Howard stars in the film, directed by Jodie Markell, as the rebellious and boozy Southern belle Fisher Willow, who finds herself shunned by society for her family’s scandalous legacy and her own wild behavior. Lindsay Lohan was originally signed for the role, but given her personal dramas, it’s no surprise the troubled actress gave up the part.

The lack of timidity in Williams’ heroine was more of a challenge for Howard, who struggled to find something that could link her own, more understated persona to that of Fisher Willow.

“She’s unapologetic, she’s balls to the wall.
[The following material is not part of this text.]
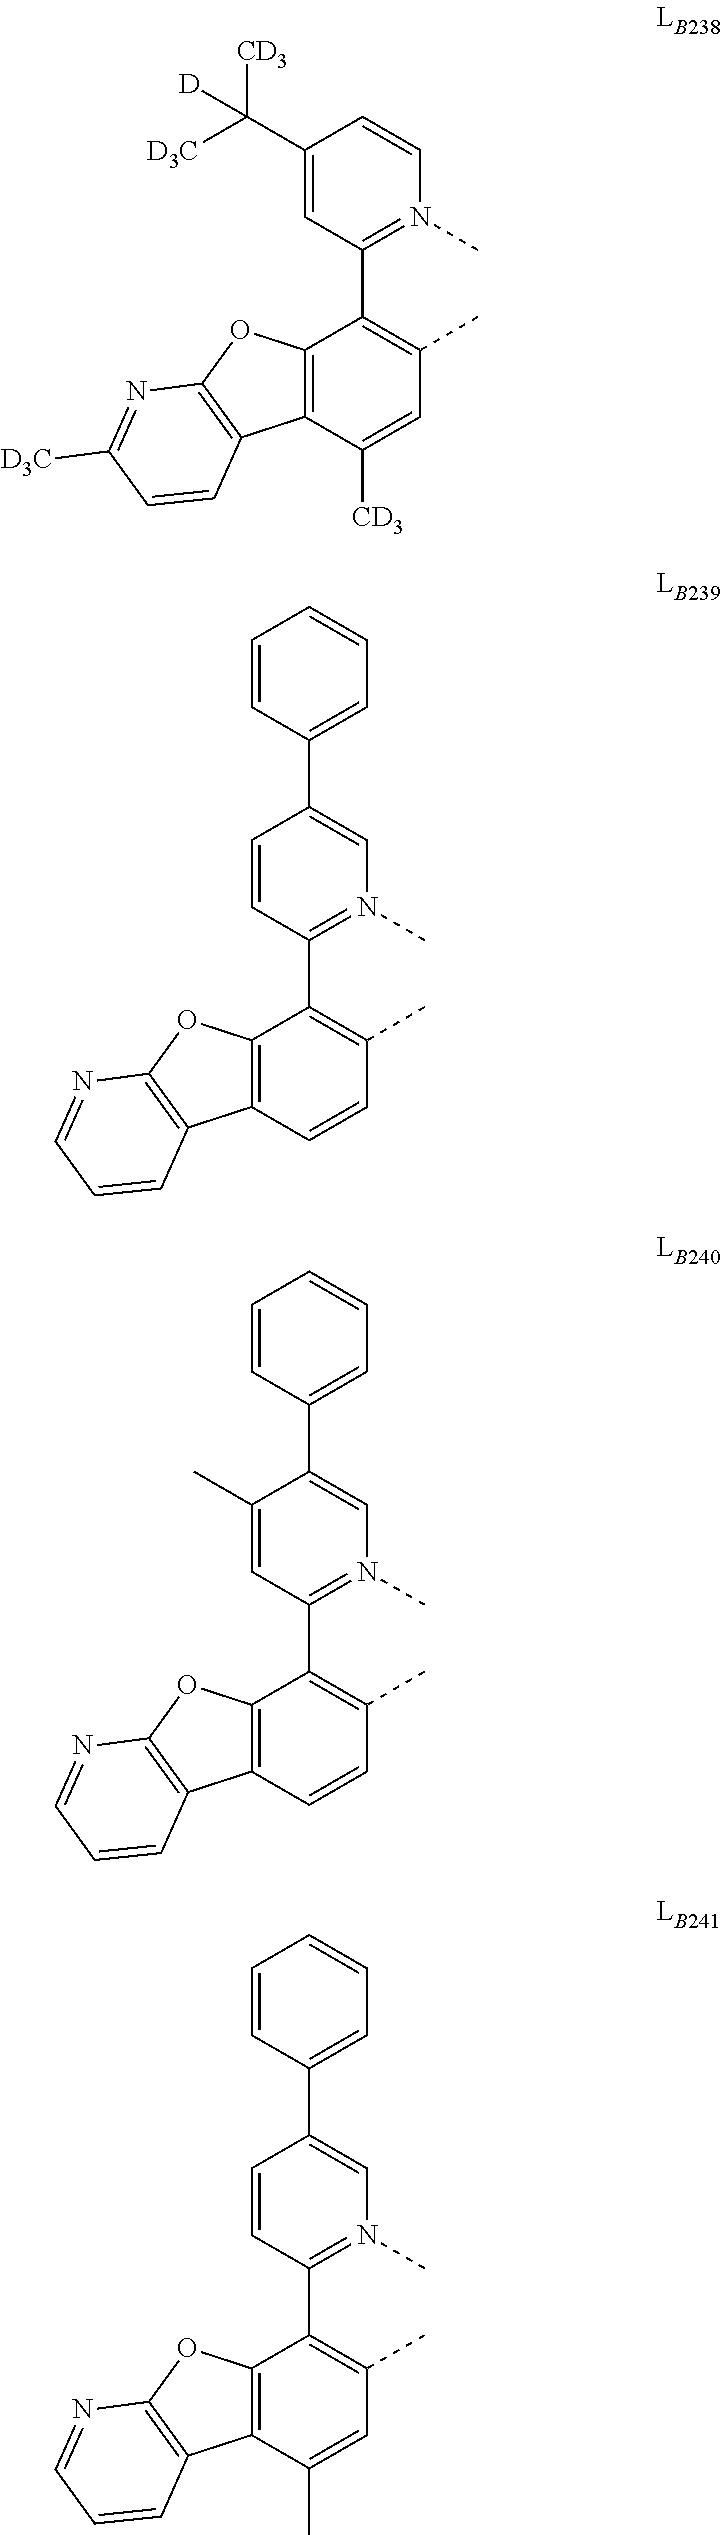 Figure US20180130962A1-20180510-C00114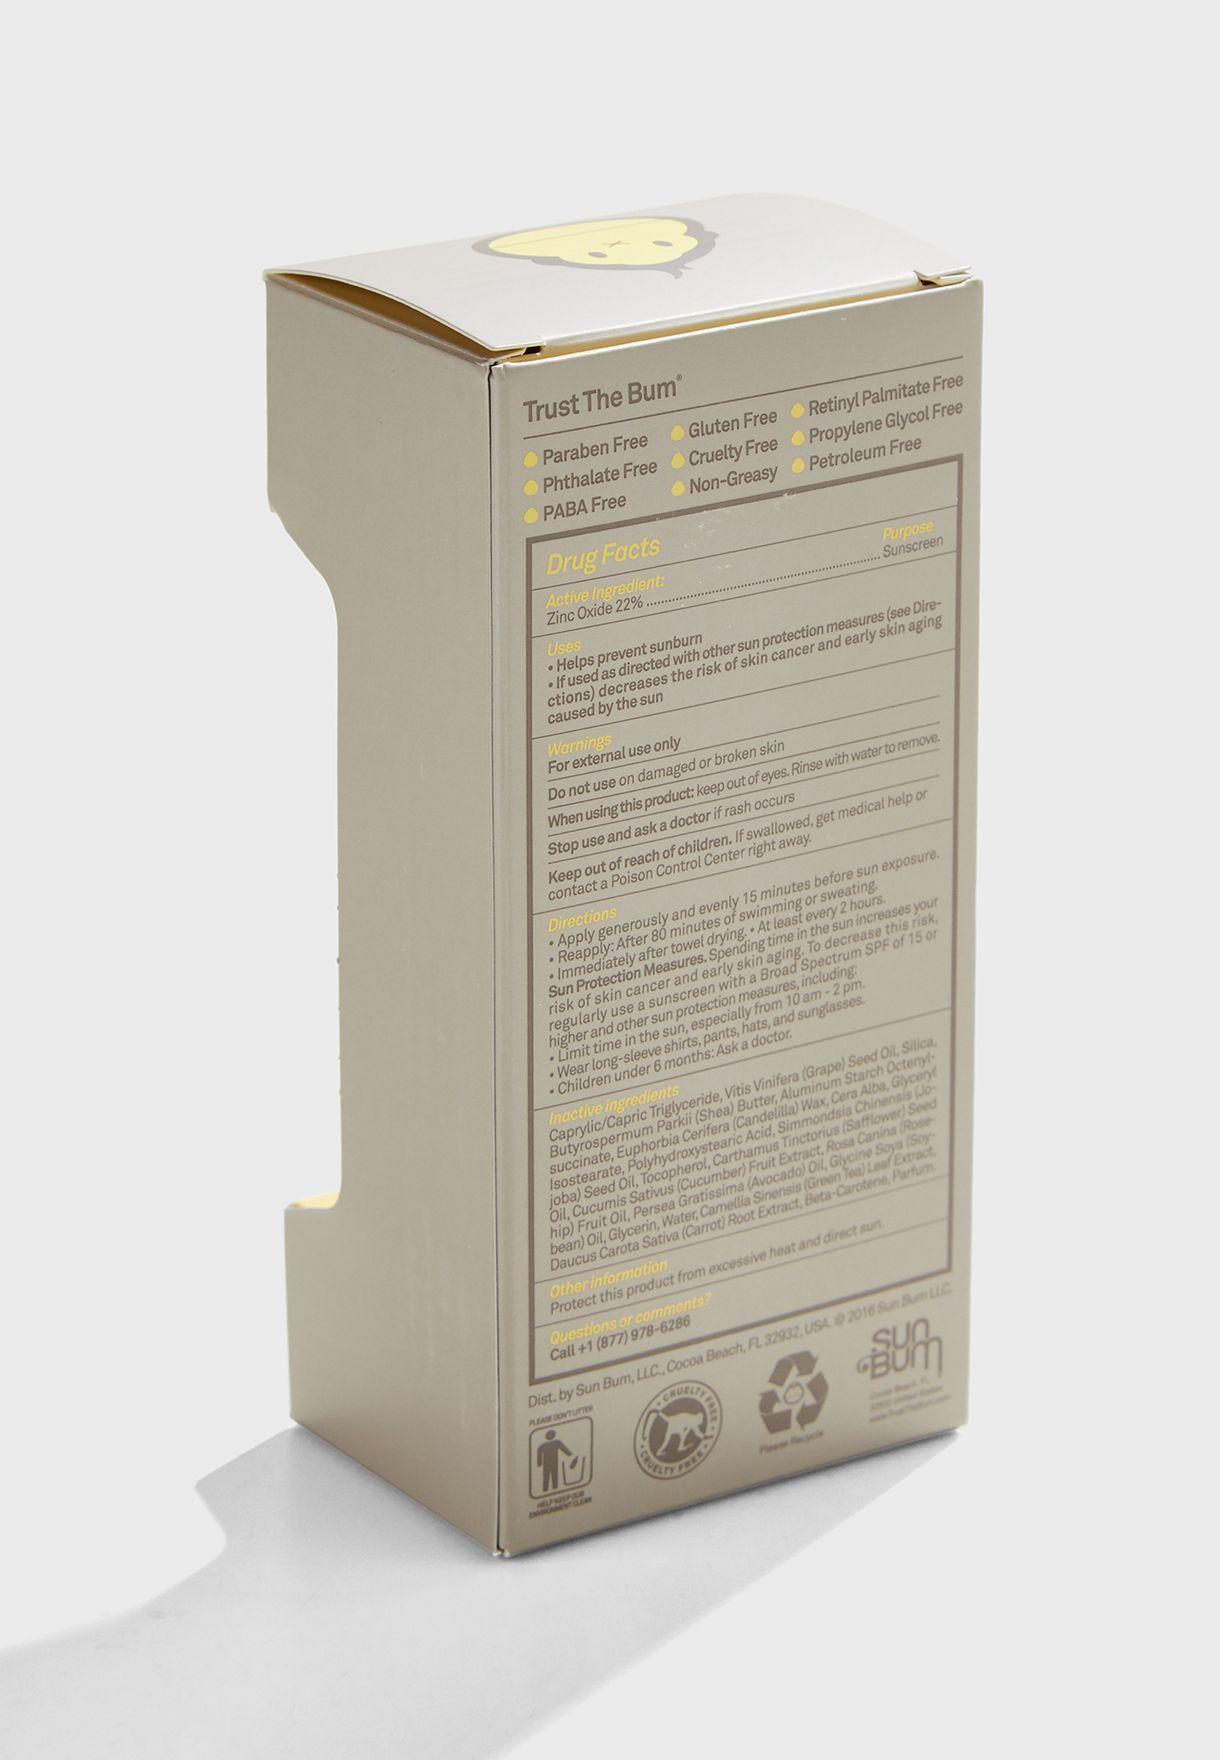 لوشن طبيعي بريميوم للاطفال بعامل حماية SPF 30 - 3 اونصة

Every scene, it’s like she’s going in there and there are no apologies for anything, and that’s not a state of mind that I’m personally very familiar with,” says Howard. “I walk in like I’m from Connecticut, so I’m apologizing.”

More than mastering those unruly emotions for the screen, the shadow of the legendary Southern writer who penned the piece loomed over Howard most throughout production: “I thought, ‘Oh my gosh, I hope I don’t destroy this because it’s just such a special opportunity, and oh my gosh, it would be blasphemy to destroy an unperformed Tennessee Williams heroine,” she says of her trepidation. “The jury’s still out.”